10.7 Strings

Because of the ``equivalence'' of arrays and pointers, it is extremely common to refer to and manipulate strings as character pointers, or char *'s. It is so common, in fact, that it is easy to forget that strings are arrays, and to imagine that they're represented by pointers. (Actually, in the case of strings, it may not even matter that much if the distinction gets a little blurred; there's certainly nothing wrong with referring to a character pointer, suitably initialized, as a ``string.'') Let's look at a few of the implications:

  1. Any function that manipulates a string will actually accept it as a char * argument. The caller may pass an array containing a string, but the function will receive a pointer to the array's (string's) first element (character).
  2. The %s format in printf expects a character pointer.
  3. Although you have to use strcpy to copy a string from one array to another, you can use simple pointer assignment to assign a string to a pointer. The string being assigned might either be in an array or pointed to by another pointer. In other words, given
    	char string[] = "Hello, world!";
    	char *p1, *p2;
    	p1 = string
    	p2 = p1
    are legal. (Remember, though, that when you assign a pointer, you're making a copy of the pointer but not of the data it points to. In the first example, p1 ends up pointing to the string in string. In the second example, p2 ends up pointing to the same string as p1. In any case, after a pointer assignment, if you ever change the string (or other data) pointed to, the change is ``visible'' to both pointers.
  4. Many programs manipulate strings exclusively using character pointers, never explicitly declaring any actual arrays. As long as these programs are careful to allocate appropriate memory for the strings, they're perfectly valid and correct.
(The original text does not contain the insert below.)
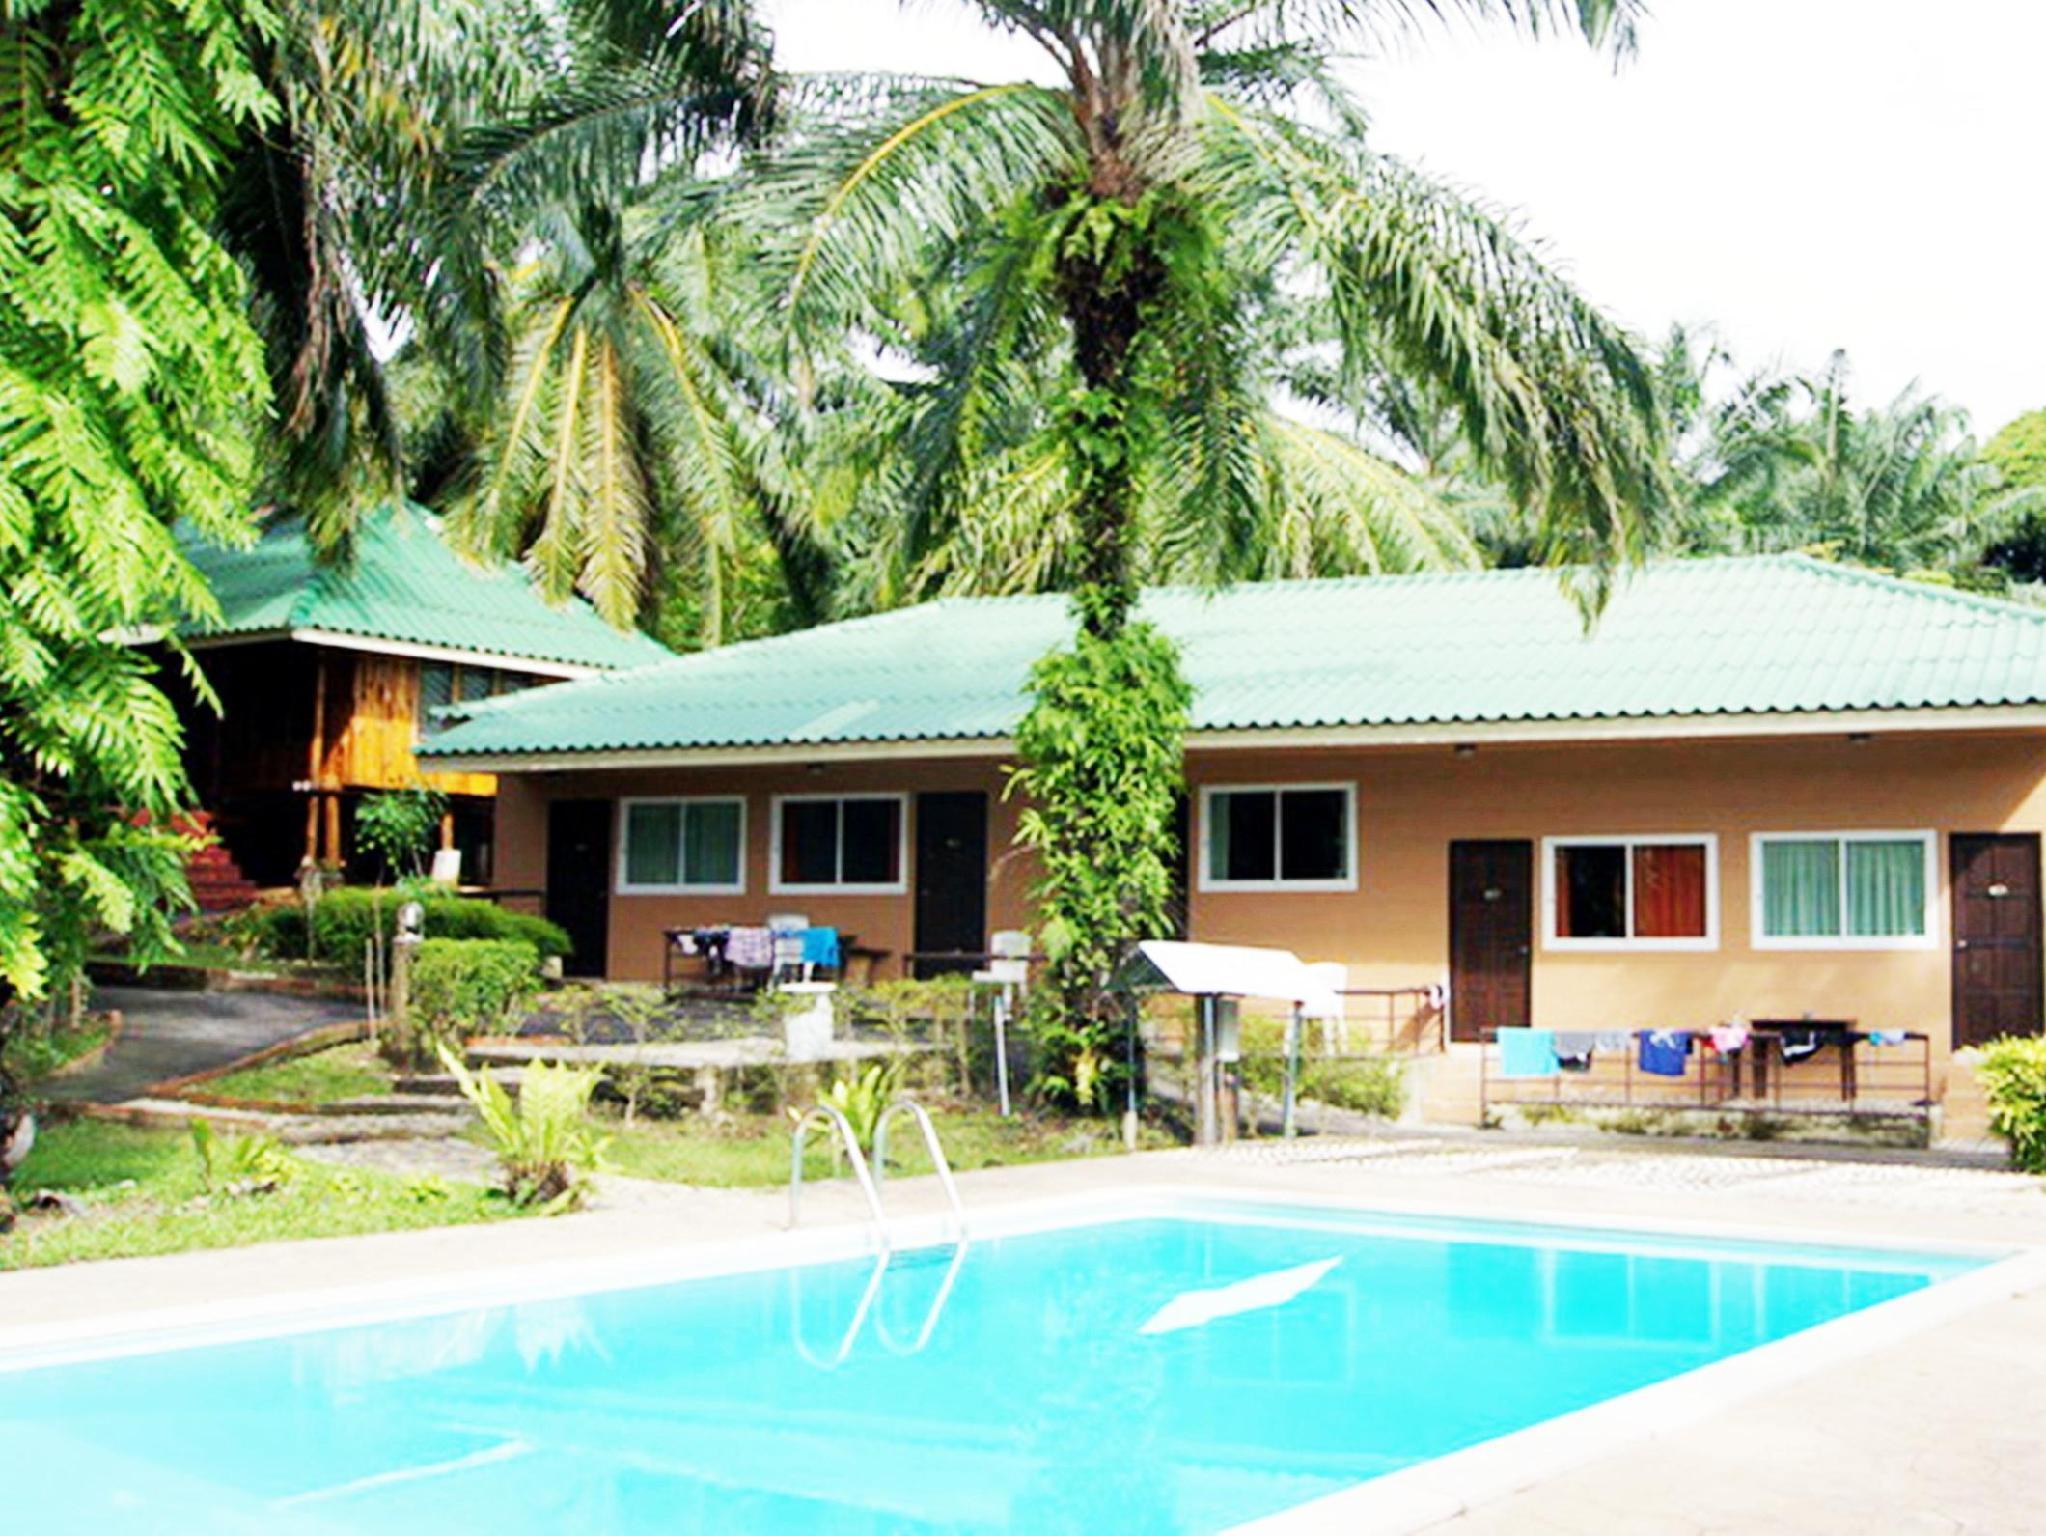 Blue Village Resort by Chanintra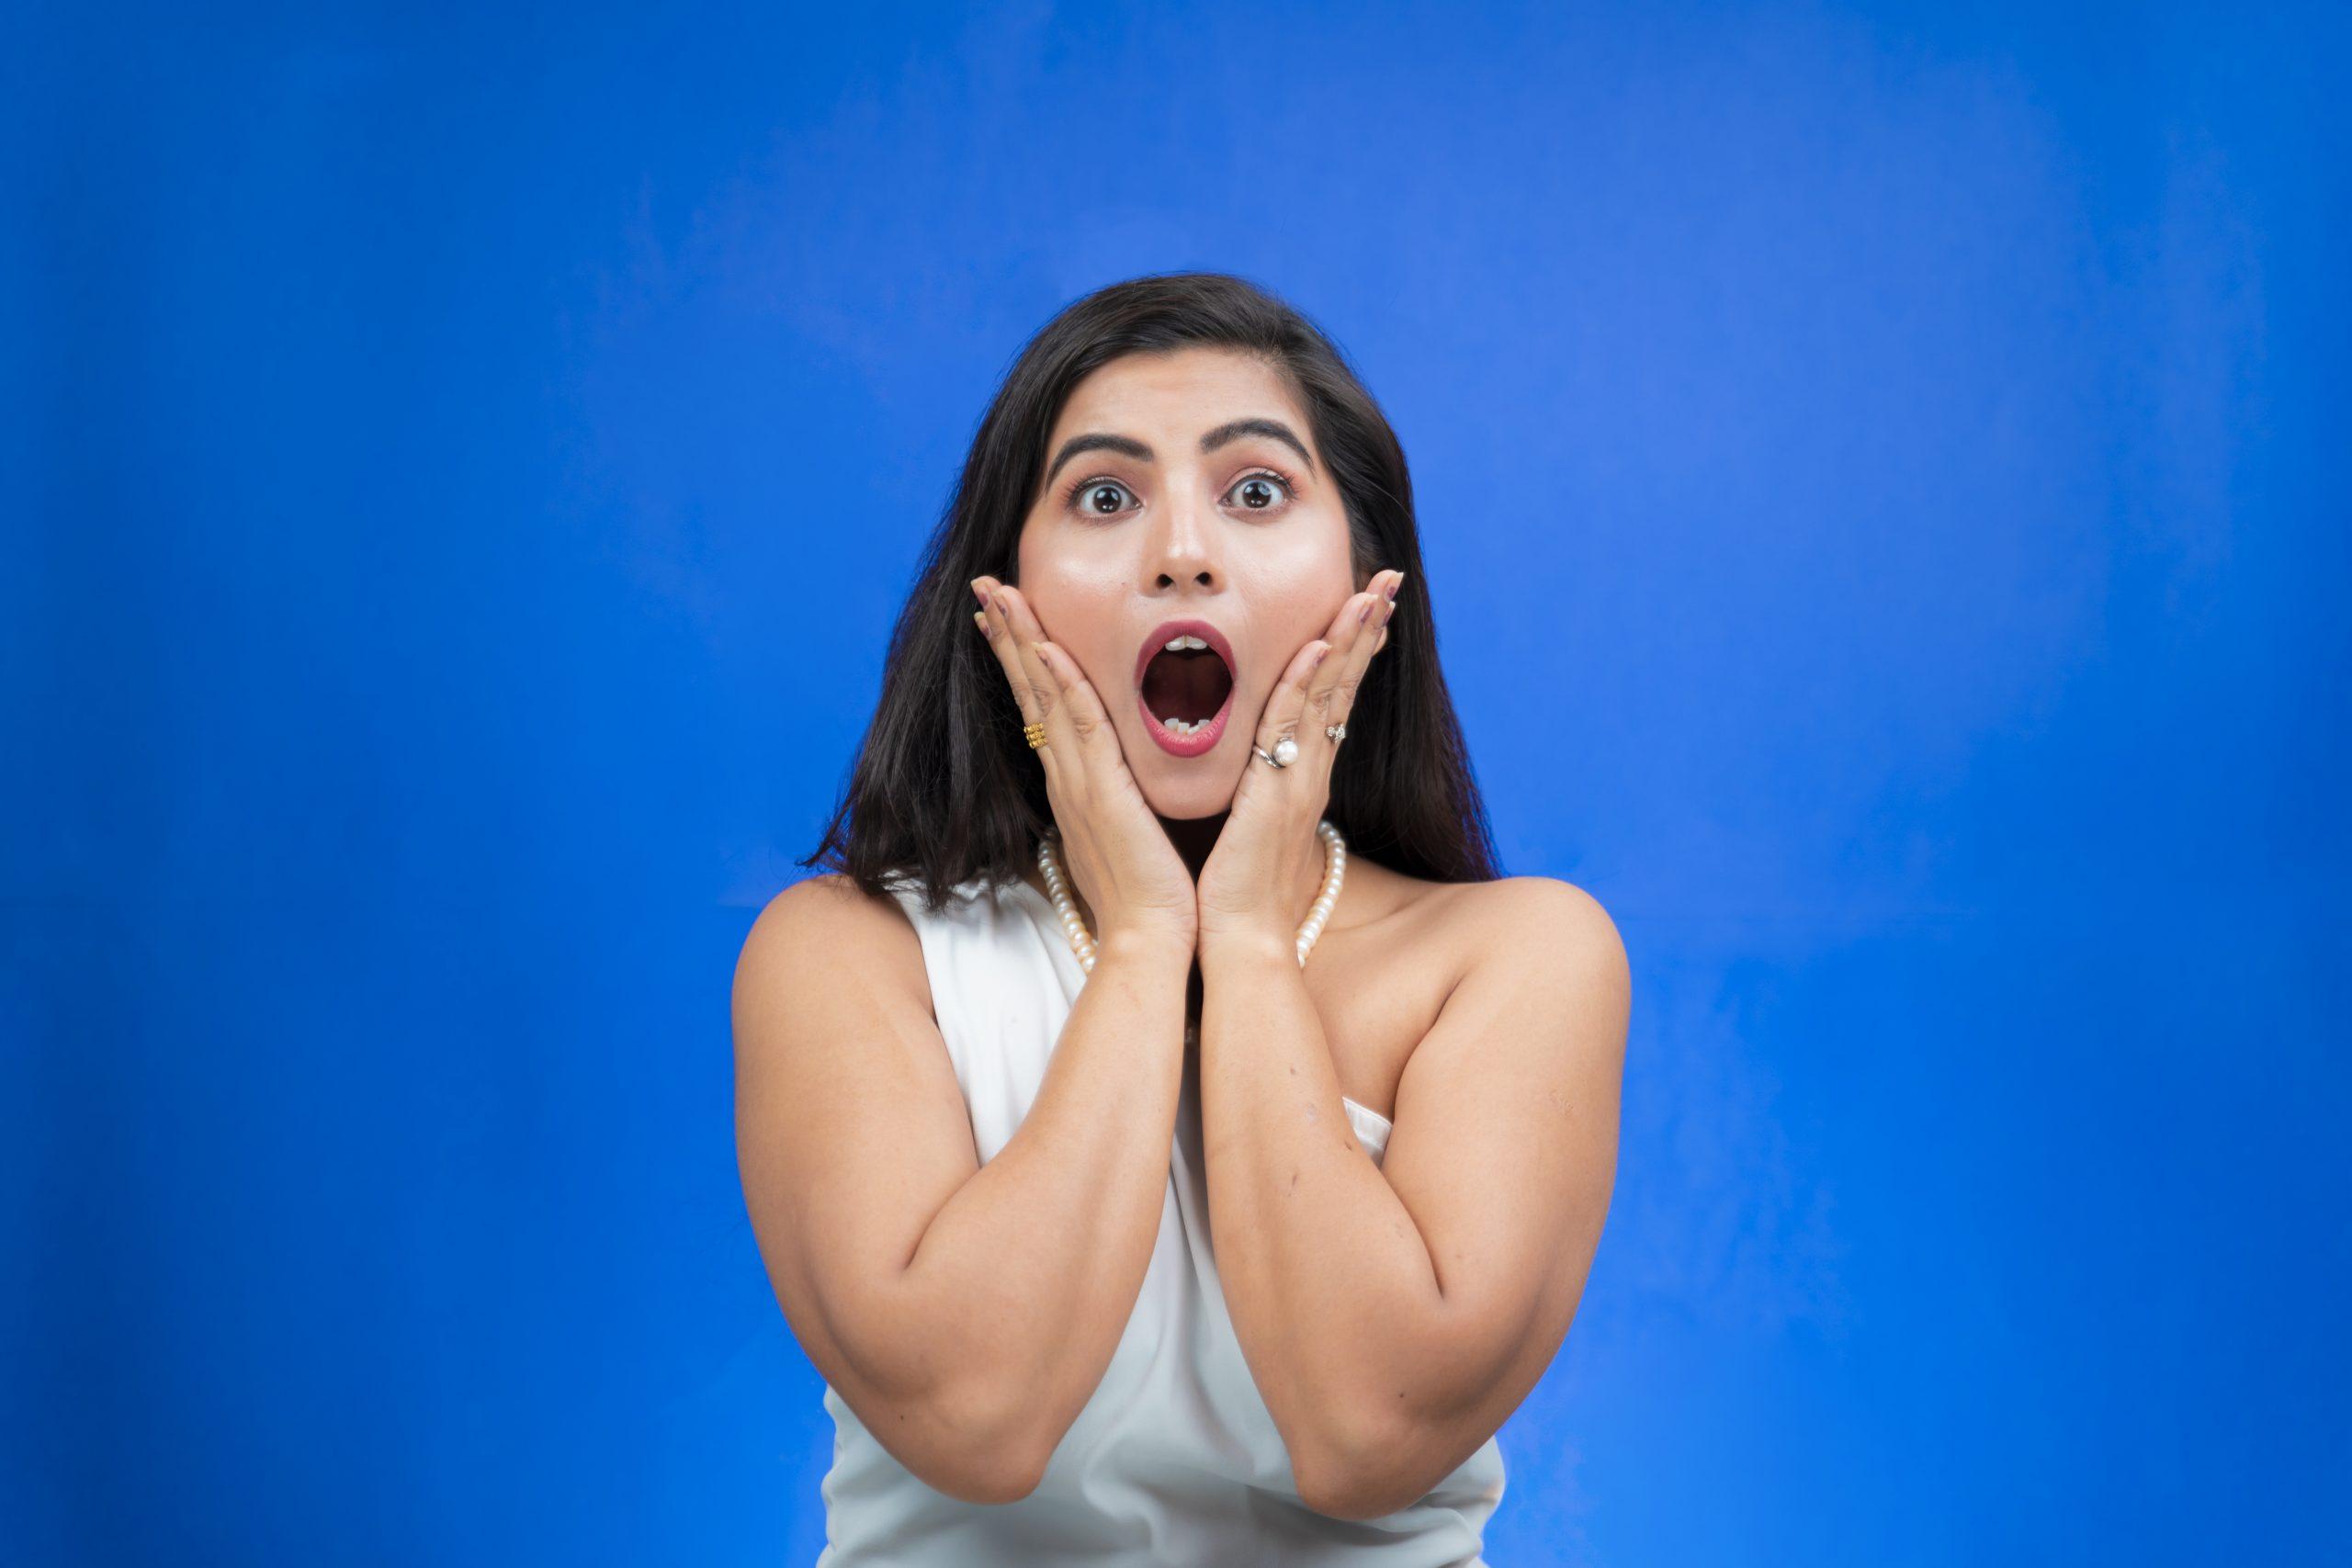 Shocked Indian girl

When you start working heavily with strings, however, you have to be aware of one subtle fact.

When you initialize a character array with a string constant:

	char string[] = "Hello, world!";
you end up with an array containing the string, and you can modify the array's contents to your heart's content:
	string[0] = 'J';
However, it's possible to use string constants (the formal term is string literals) at other places in your code. Since they're arrays, the compiler generates pointers to their first elements when they're used in expressions, as usual. That is, if you say
	char *p1 = "Hello";
	int len = strlen("world");
it's almost as if you'd said
	char internal_string_1[] = "Hello";
	char internal_string_2[] = "world";
	char *p1 = &internal_string_1[0];
	int len = strlen(&internal_string_2[0]);
Here, the arrays named internal_string_1 and internal_string_2 are supposed to suggest the fact that the compiler is actually generating little temporary arrays every time you use a string constant in your code. However, the subtle fact is that the arrays which are ``behind'' the string constants are not necessarily modifiable. In particular, the compiler may store them in read-only-memory. Therefore, if you write
	char *p3 = "Hello, world!";
	p3[0] = 'J';
your program may crash, because it may try to store a value (in this case, the character 'J') into nonwritable memory.

The moral is that whenever you're building or modifying strings, you have to make sure that the memory you're building or modifying them in is writable. That memory should either be an array you've allocated, or some memory which you've dynamically allocated by the techniques which we'll see in the next chapter. Make sure that no part of your program will ever try to modify a string which is actually one of the unnamed, unwritable arrays which the compiler generated for you in response to one of your string constants. (The only exception is array initialization, because if you write to such an array, you're writing to the array, not to the string literal which you used to initialize the array.)